Kotka rzuciła sie na jedzenie. Mozna by powiedzieć, że jest ona jedyną istotą, na której mi teraz zależało. Moją drogę rodzinkę, z ojcem na czele, miałam głeboko gdzieś, a starych znajomych nie chciałam widzieć na oczy.
Od dnia mojego przyjazdu do Londynu, minął juz tydzień, a ja nie zdążyłam poznać nikogo nowego. Wiedziałam, że na City University będę zmuszona z kimś się zakolegować. Nie byłam tym zachwycona. Zawsze ciężko przychodziło mi zawieranie nowych znajomości.
Postanowiłam sprawdzić twitter'a. Z Pussy na rękach, weszłam do mojego pokoju i usiadłam przy komputerze.
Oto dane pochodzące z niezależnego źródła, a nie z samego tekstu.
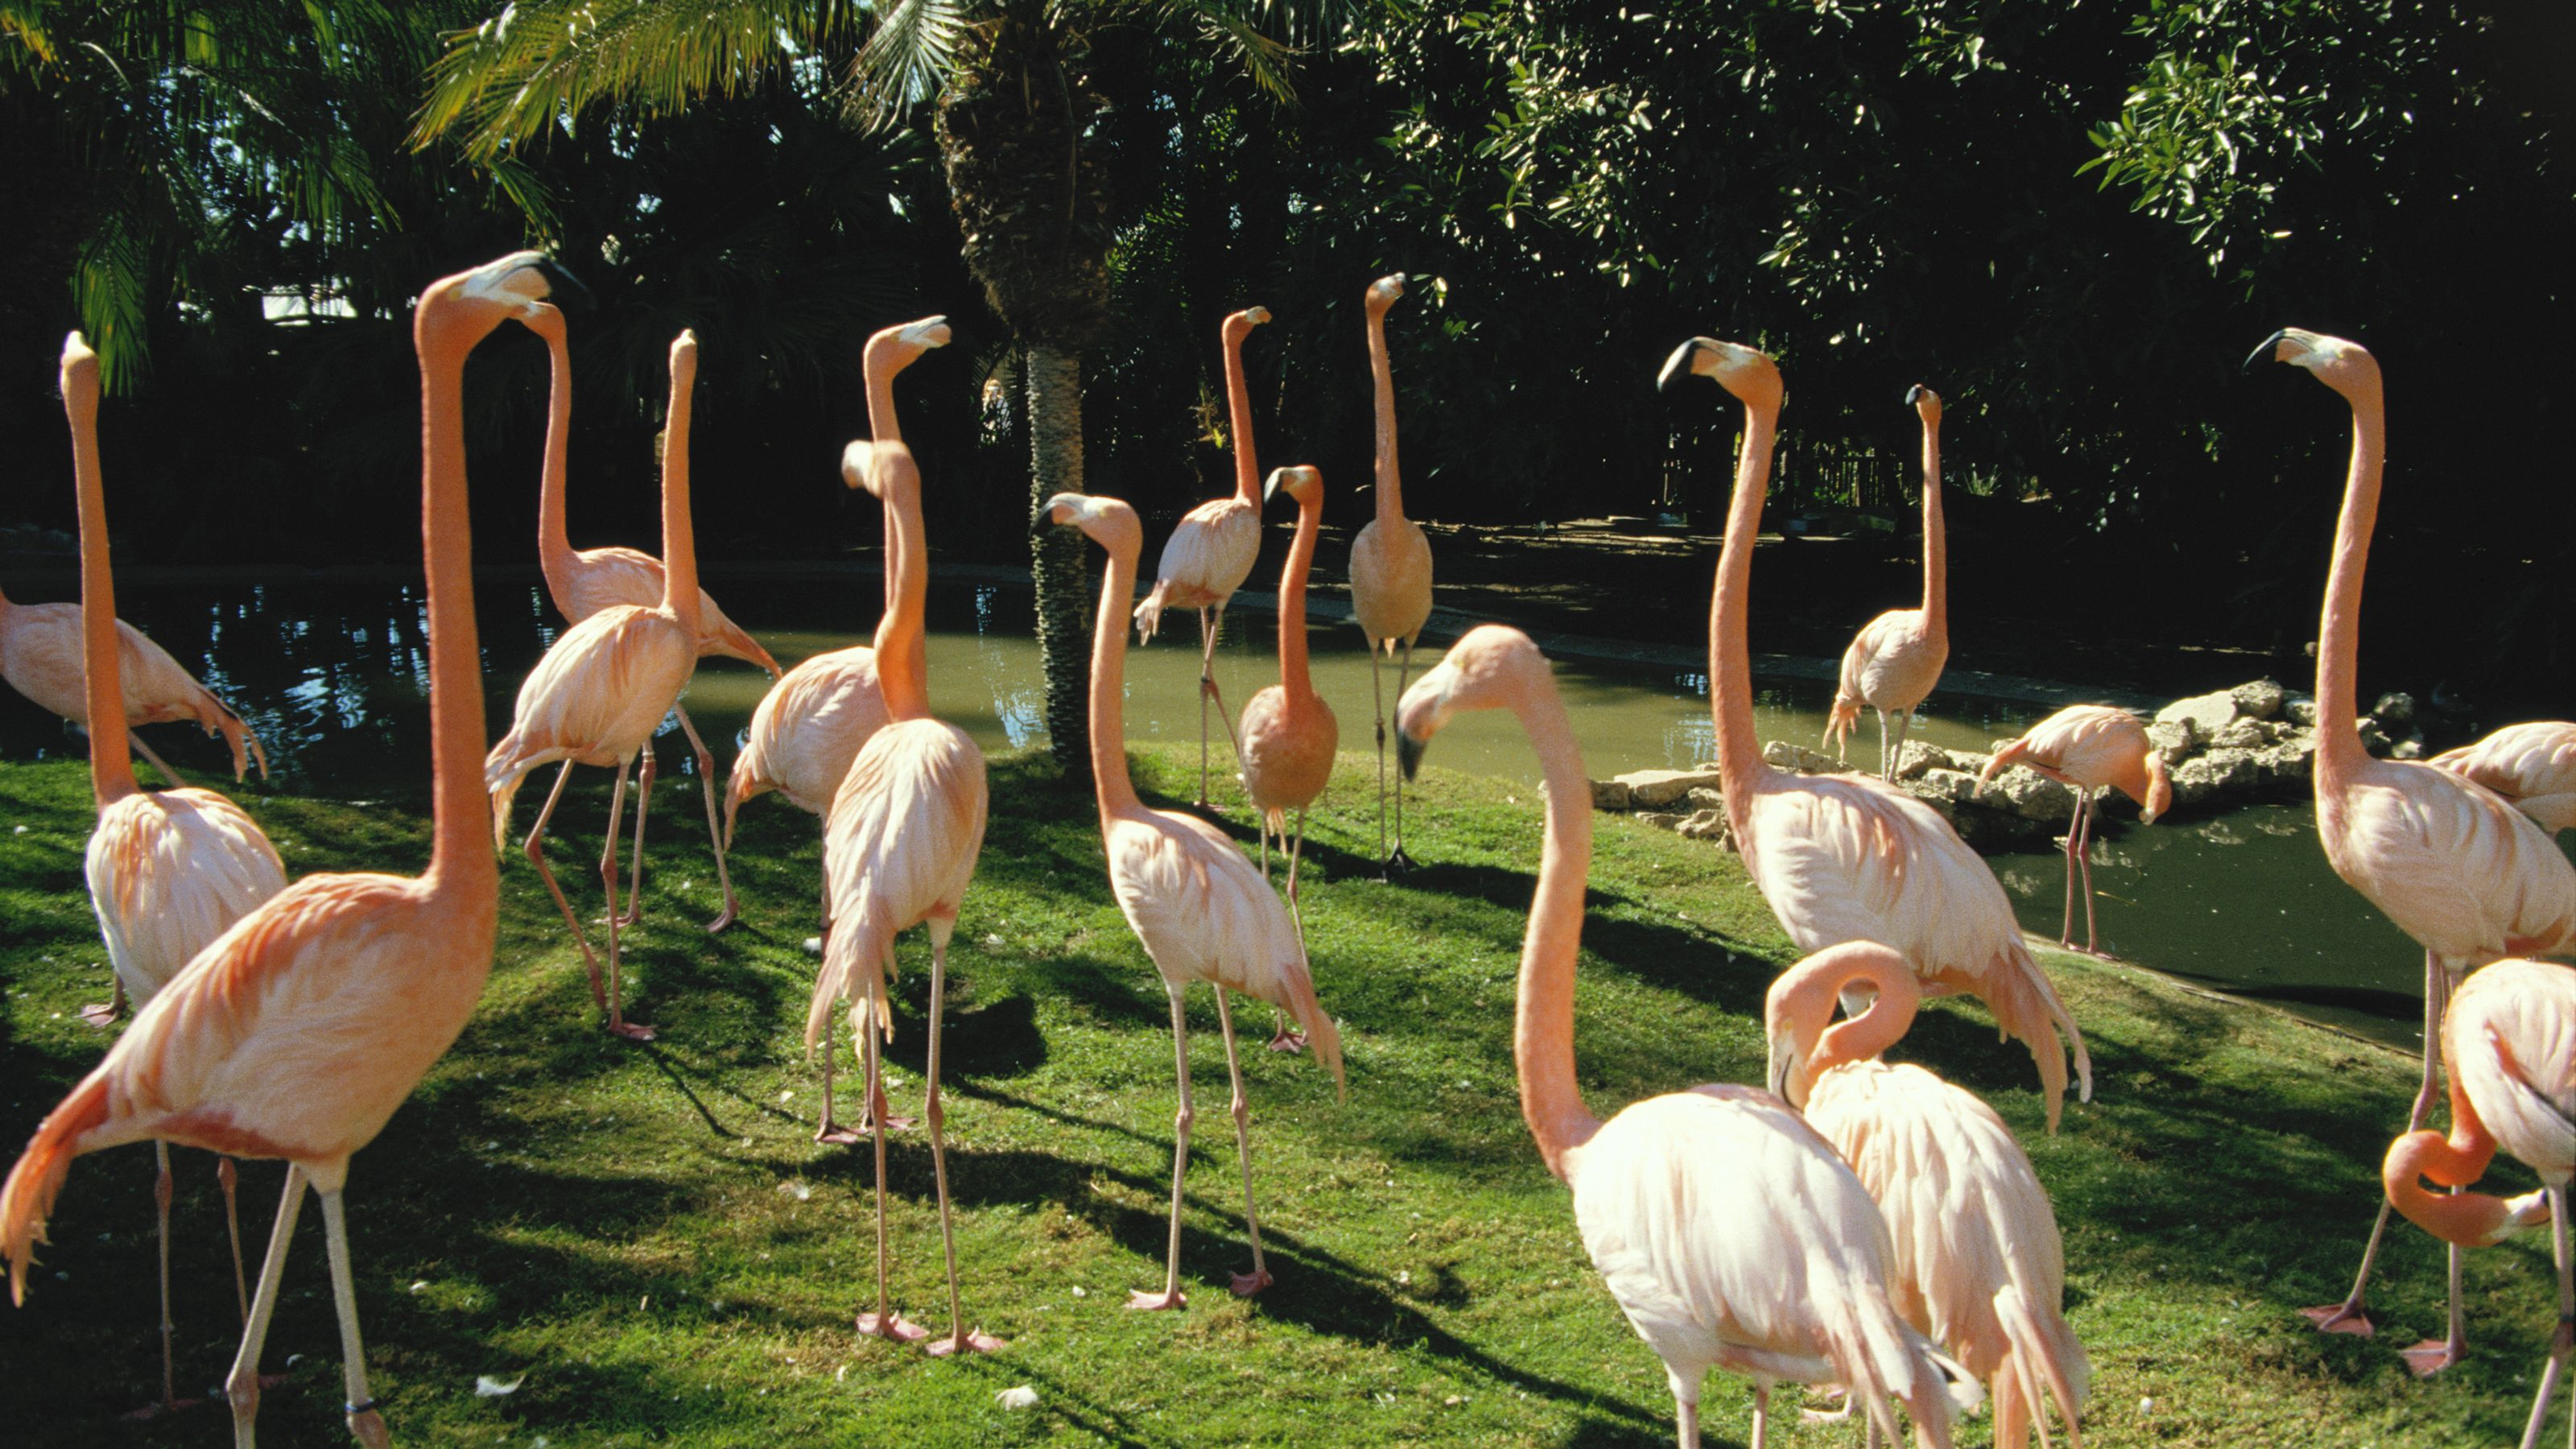 Flamingos at the singapore zoo

Zalogowałam się. Pierwsze co zauważyłam, było to, że w trendach nadal utrzymuje się Happy Birthday Liam. Pokręciłam głową, nie mogąc zrozumić inteligencji niektórych osób. Chłopak miał urodziny wczoraj.
Zjechałam nizej. Adele robi nowy teledysk, wczorajsze podziękowania Liam'a za życzenia, jakaś akcja Directioners ... Jednym słowem nudy. Zerknęłam na zegrarek. Była 10:30. W sumie mogłam już wyjść. Musiałabym czekać, około dwóch godzin, ale wcześniej spotkałabym chłopaków i wcześniej byłabym w domu. Korzystne rozwiazanie.
Wzięłam torbę i wybiegłam z domu.

I mamy pierwszy rozdział. Czy jestem z niego zadowolona ? Tak, ale tylko z niektórych fragmentów, bo inne są do dupy. 
Wiem, że miał być wczoraj. Bo miał. Zamierzałam wrzucić go o 20. Tylko przypomniałam sobie, że leci Księżyc w Nowiu i poszłam obejrzeć. A później nie miałam ochoty wchodzić. I dzisiaj robiłam jeszcze małe poprawki, ale tylko malutkie. :)
Z góry proszę o komentarze i uwagi.

04 maja 2012

Fabuła

Tytuł: I never let you go
Rozdziałów: 30
Bohaterowie: Casandra "Cassie" Millet i Harry Styles, Louis Tomlinson, Liam Payne, Niall Horan, Zayn Malik oraz Danielle Peazer, Eleanor Calder, Cher Lloyd, Perrie Edwards, Brian Thomas i inni.
Opis: Cassie przywykła do bycia wyrzutkiem, jednak miała dosyć swojego życia i brak szansy by się z niego uwolnić. Dlatego, gdy nadarzyła się okazja, bez wahania uciekła do Londynu, sprawiając tym samym, że jej życie obróci się o 180 stopni, a to tylko za sprawą pewnego sławnego chłopaka i czwórki jego równie sławnych przyjaciół.
Od autorki: Hm... To moje pierwsze opowiadanie, więc proszę o wyrozumiałość dla moich licznych błędów interpunkcyjnych i całej reszty. Mam nadzieję, że się wam spodoba.